● **Task requirements**: Once you reach the line containing "Sore Today Strong" in the entries below, write out that line and each one after it down to the line containing "This original abstract", exactly and with nothing added.

● **Records shown**:
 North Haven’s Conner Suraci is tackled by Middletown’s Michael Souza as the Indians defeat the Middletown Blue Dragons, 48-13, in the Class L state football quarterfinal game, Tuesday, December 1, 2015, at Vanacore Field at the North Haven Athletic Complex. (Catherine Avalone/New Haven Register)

...

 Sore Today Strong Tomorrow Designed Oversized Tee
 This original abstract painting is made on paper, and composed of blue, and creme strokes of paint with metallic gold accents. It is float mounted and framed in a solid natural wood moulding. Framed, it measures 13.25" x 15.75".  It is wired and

==

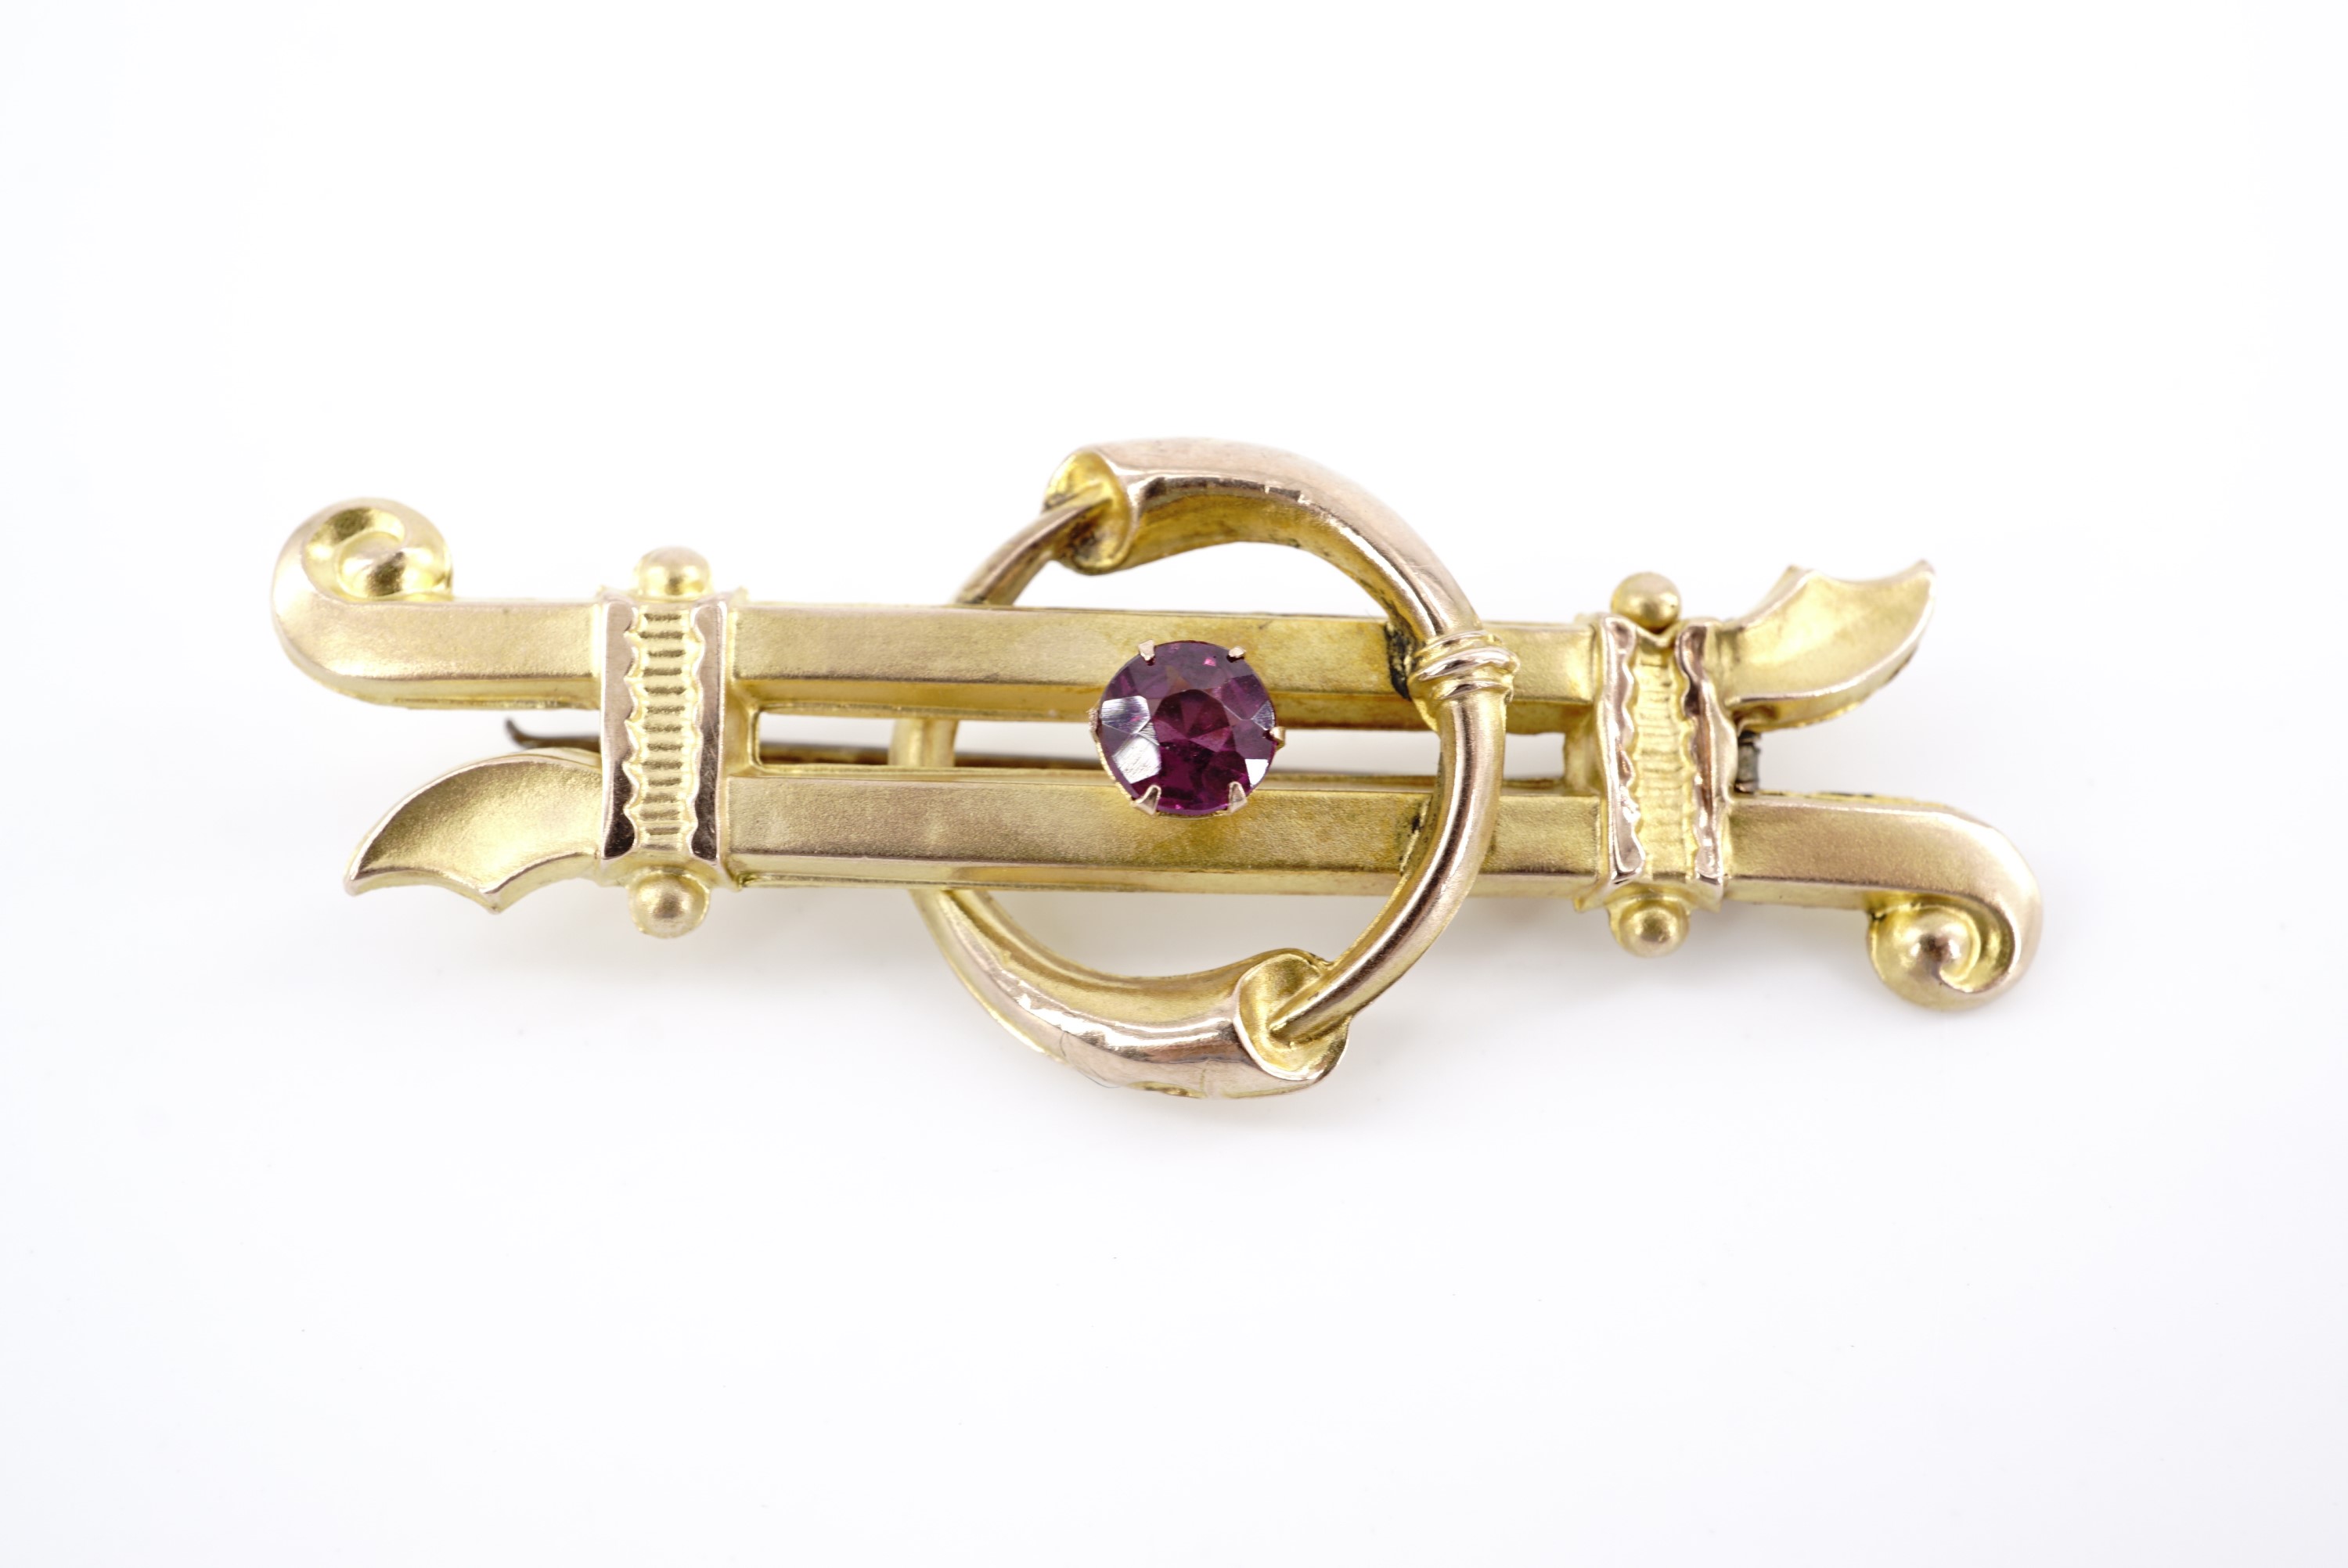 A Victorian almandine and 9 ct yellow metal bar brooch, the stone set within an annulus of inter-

● **Reply to the exercise**:
 Sore Today Strong Tomorrow Designed Oversized Tee
 This original abstract painting is made on paper, and composed of blue, and creme strokes of paint with metallic gold accents. It is float mounted and framed in a solid natural wood moulding. Framed, it measures 13.25" x 15.75".  It is wired and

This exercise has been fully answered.